I’ve played around with this a bit. I found that the approach of ingesting “all” and “true” dimensions then joining and dividing in our service layer is workable. It looks a little less attractive in cases where we want to group by another dimension, e.g. show me the % of French Fry upsells grouped by restaurant. You have to group by both the custom dimension and the secondary dimension. If the cardinality of that second dimension is high the result sets to be joined starts looking a bit scary.

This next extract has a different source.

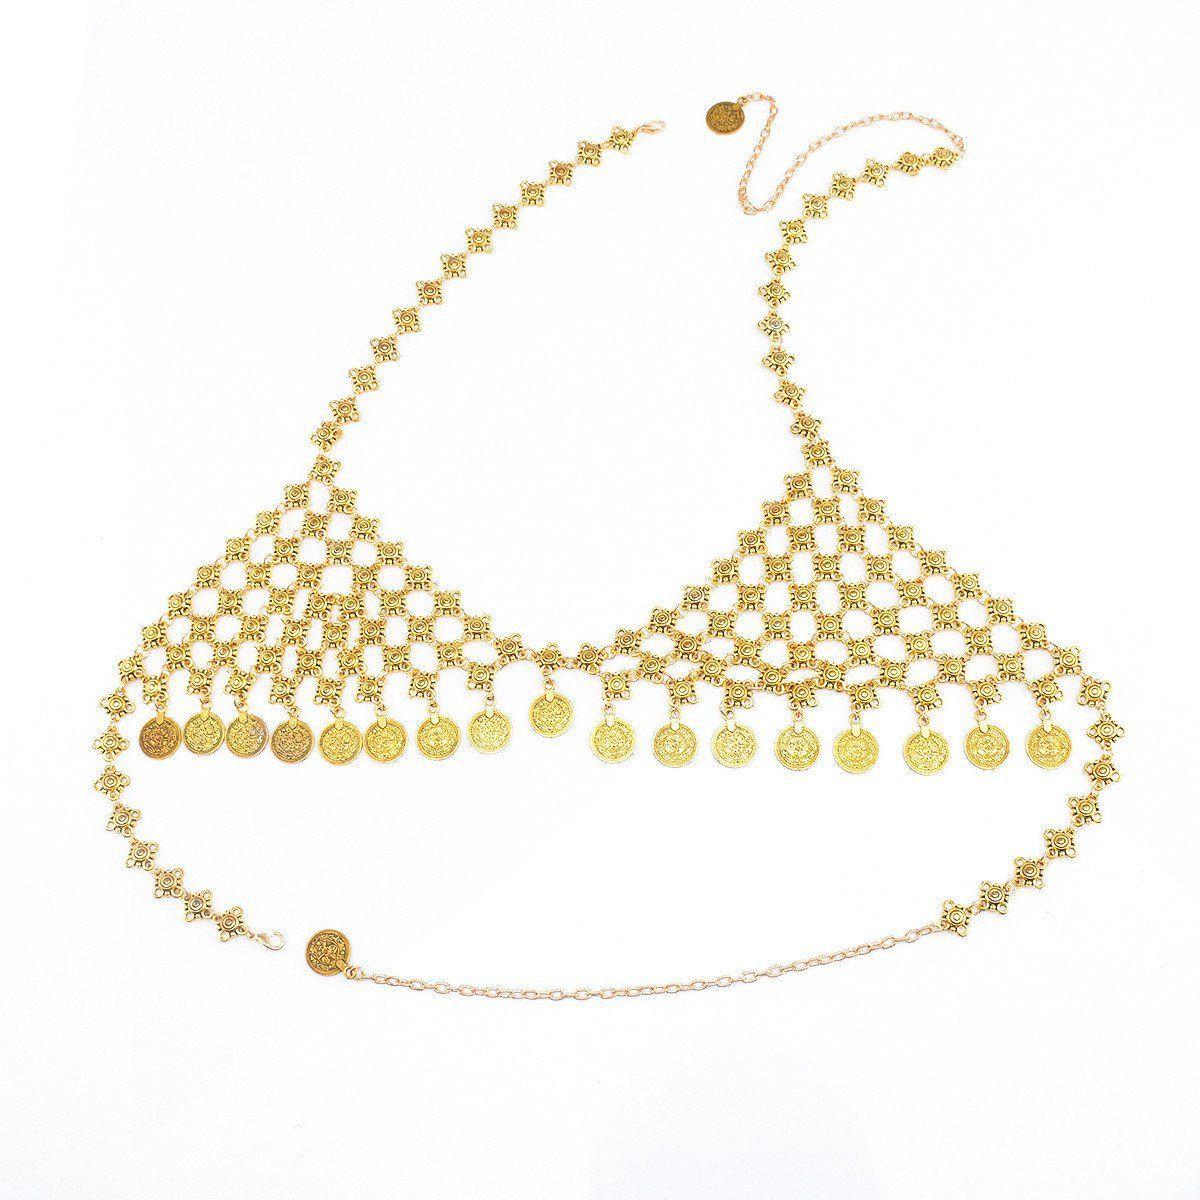 Bridal & Wedding Party Jewelry Diplomatic Traditional Ethnic Cz Stone Goldtone Dangle Earring Women Wedding Jewellery
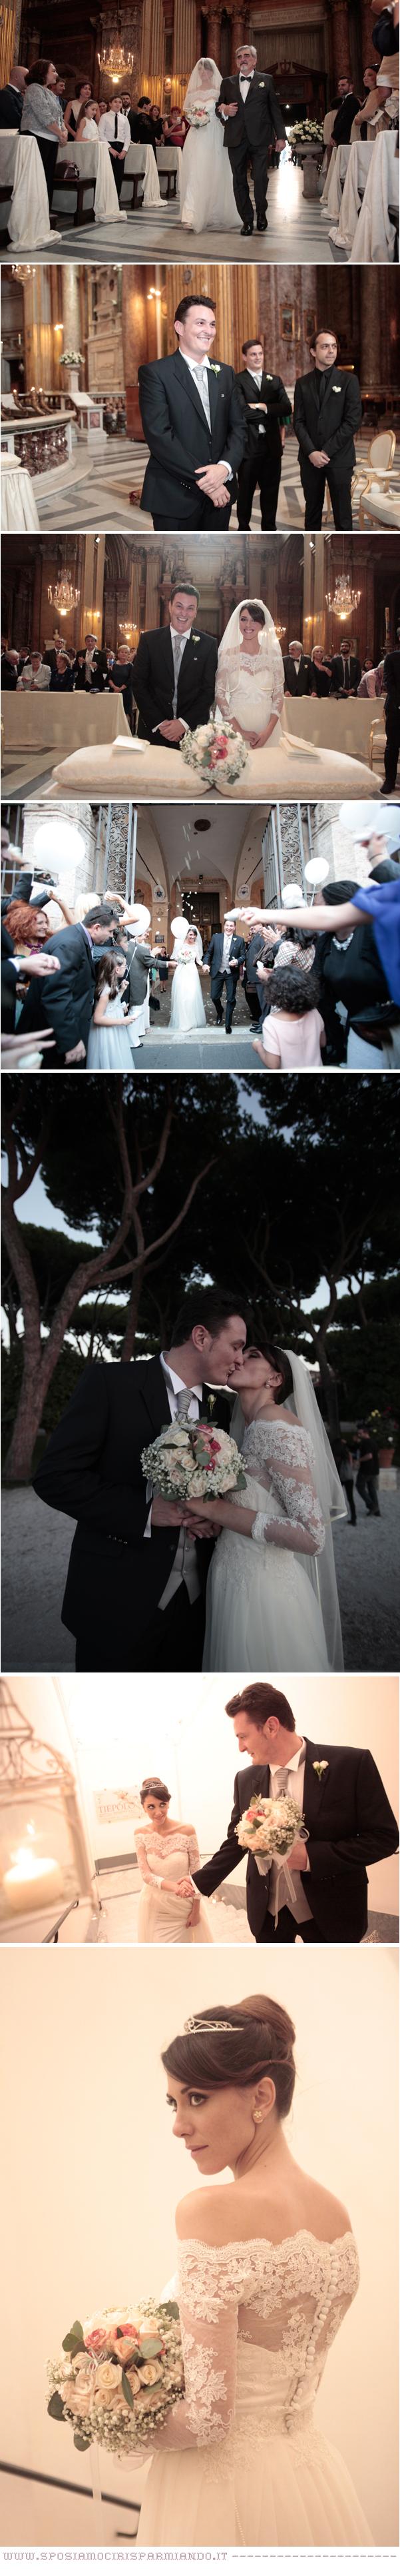 matrimonio a Roma a tema musica

I also stumbled across this thread: https://groups.google.com/forum/#!topic/druid-user/KralBuLp7iM That suggests another approach of doing an initial TopN to fetch the “all” values which are in play for a given date range and set of filters, then using that to generate another query that includes filtered aggregators which target the values learned via the first query. E.g., a metric “french_fry_max” filtered on "allCustomSignals == “French Fry” and a parallel metric “french_fry_count” filtered on “trueCustomSignals” == “French Fry”. These metrics can then be converted to a percentage via post aggregators. This approach also seems workable - the two queries have to be performed in sequence, but the first one ought to be very quick and could be cached sometimes. And this one is better for the secondary dimension case since you only have to group by the single dimension - you can do it with a TopN.

It’s hard to say how the performance will be like until we start ingesting the data. We might try both approaches and compare performance when we get data in production.

Hey Ryan,

Sorry to necro the thread, but I just read it for the first time (cue joke about being behind on email) and that is a pretty cool idea. Did you find out what ended up working best?